§ ACTION ITEM
Locate, in the data below, the line that contains "Щетка для уборки, 21" and the line that contains "Heera Chopped Tomatoes 400g"; reproduce exactly those two lines and every line between them, nothing more.

§ RAW DATA
┌────────
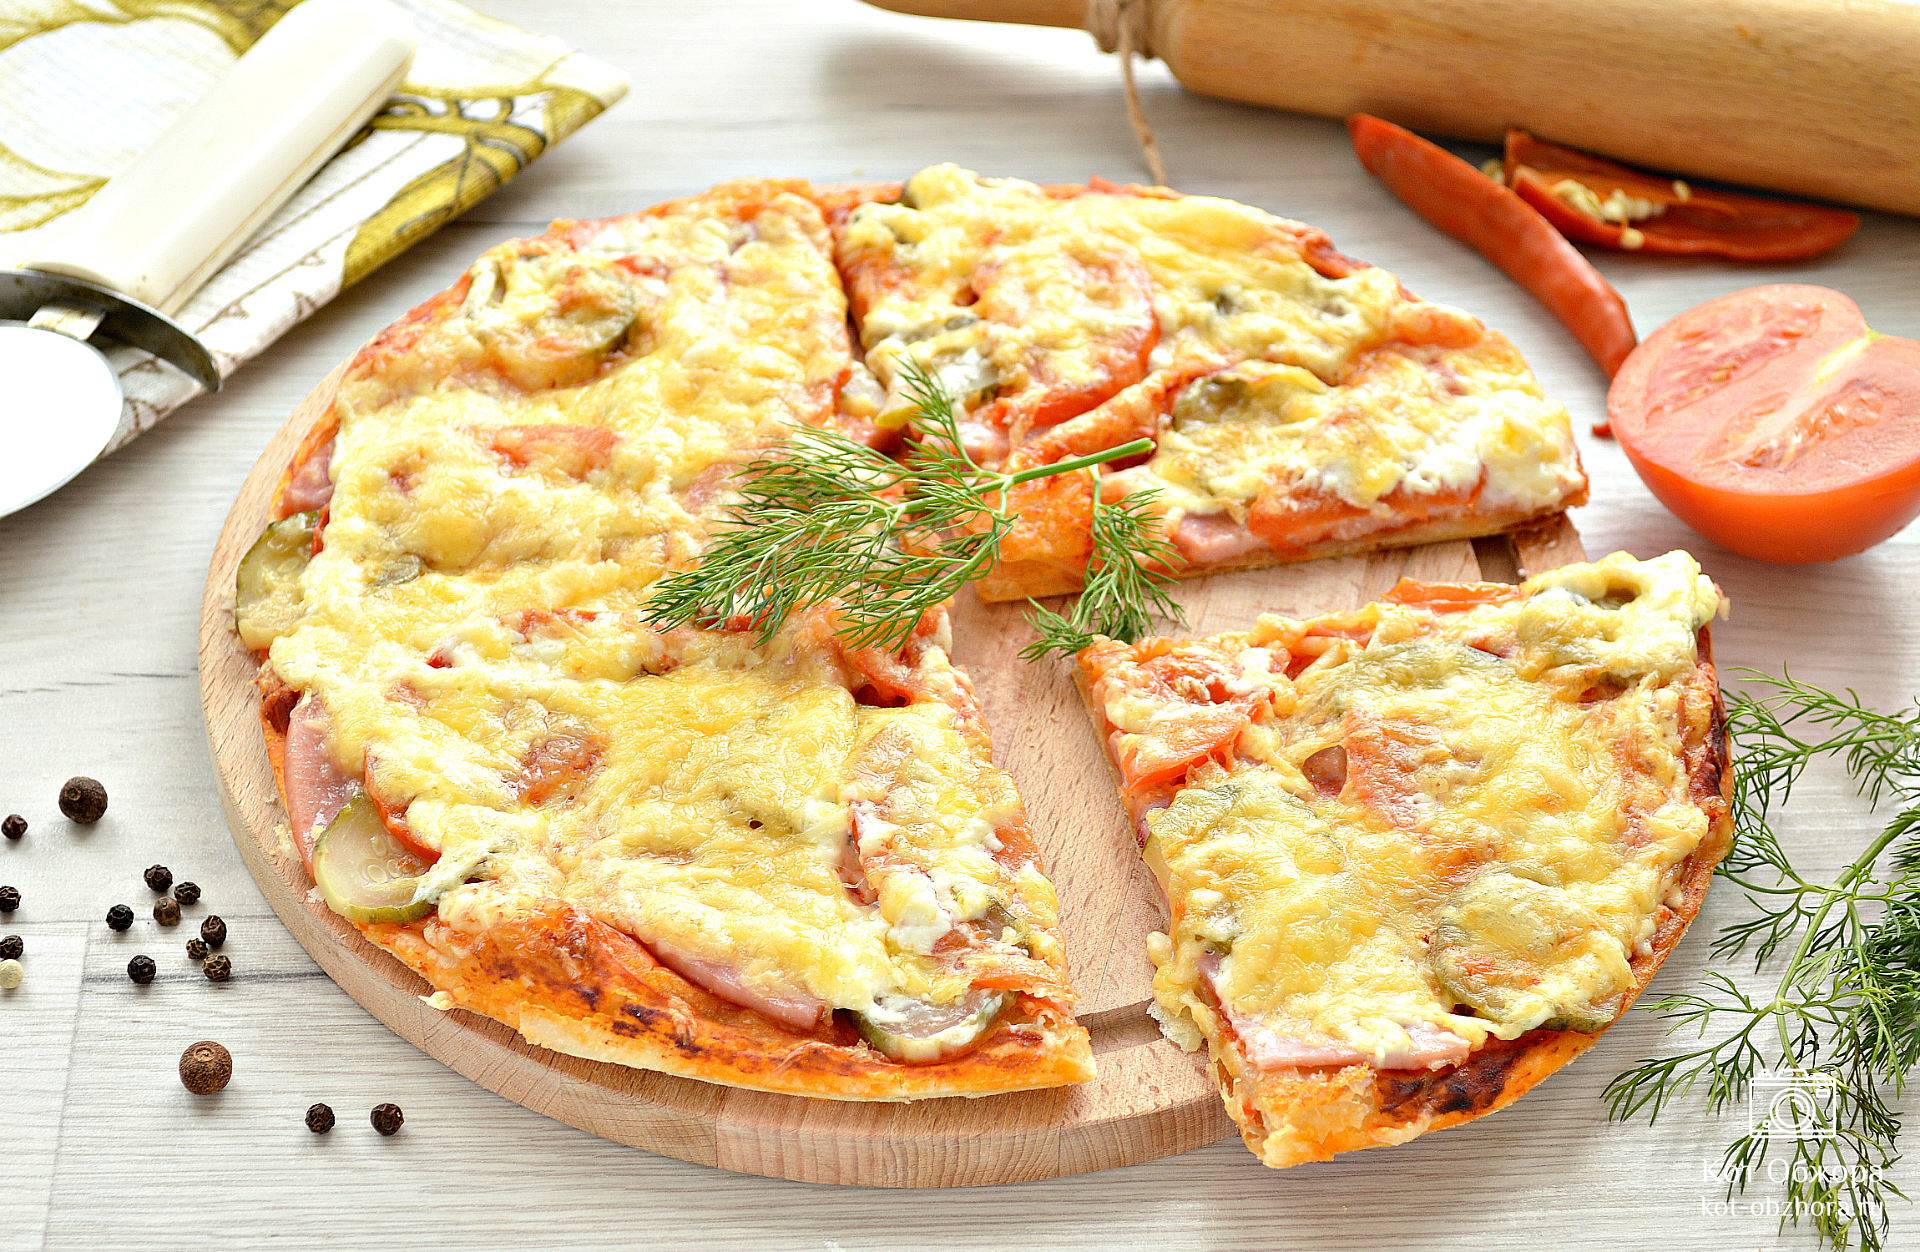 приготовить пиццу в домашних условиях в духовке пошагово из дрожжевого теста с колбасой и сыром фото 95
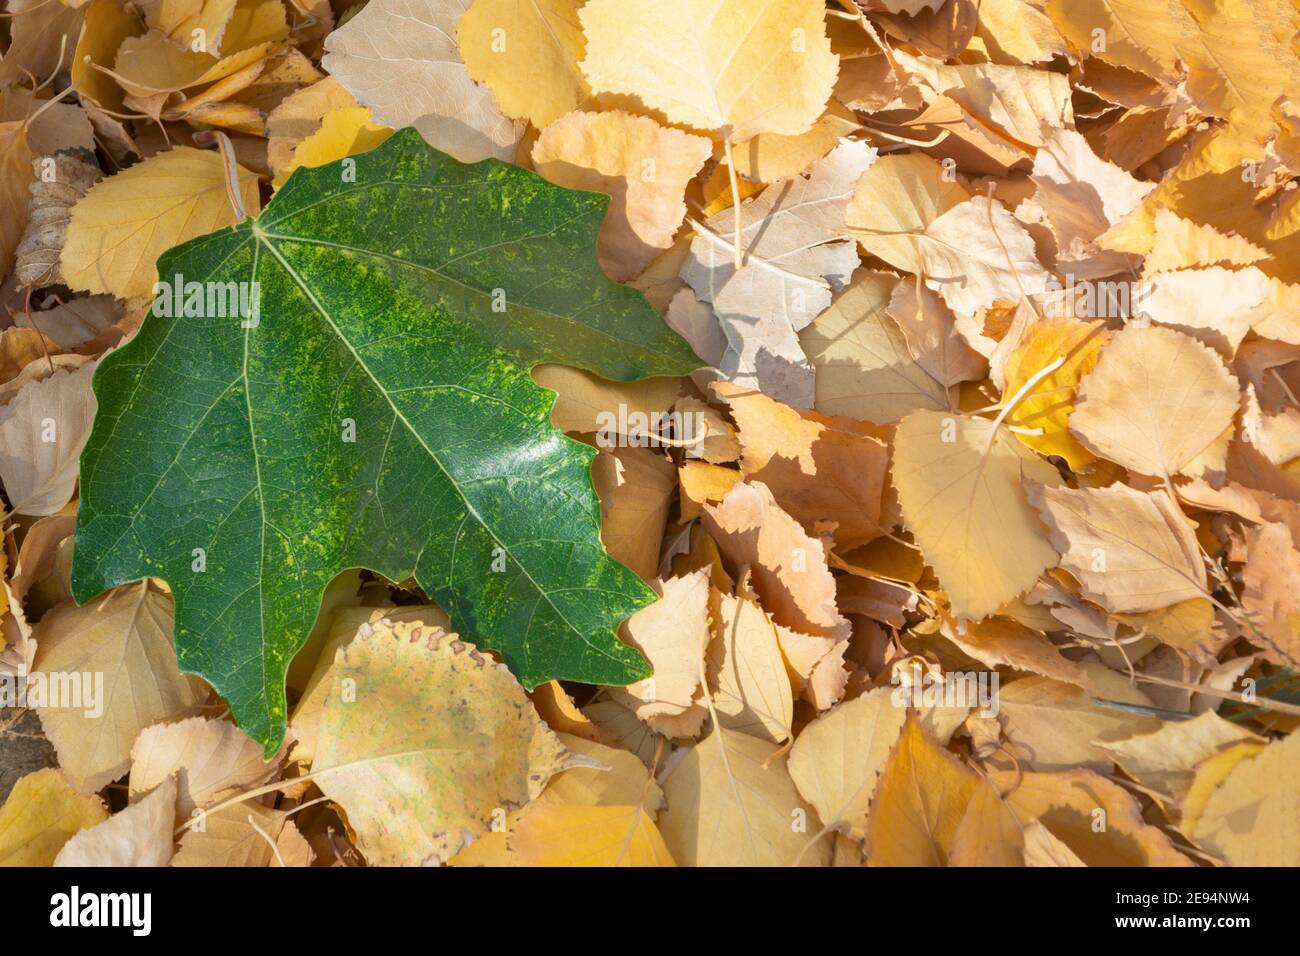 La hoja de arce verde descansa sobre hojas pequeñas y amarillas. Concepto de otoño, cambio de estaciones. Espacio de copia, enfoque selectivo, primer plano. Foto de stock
└────────
┌────────
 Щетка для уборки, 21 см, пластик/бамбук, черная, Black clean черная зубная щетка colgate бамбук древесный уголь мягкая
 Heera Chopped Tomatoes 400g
└────────
§ RESPONSE
 Щетка для уборки, 21 см, пластик/бамбук, черная, Black clean черная зубная щетка colgate бамбук древесный уголь мягкая
 Heera Chopped Tomatoes 400g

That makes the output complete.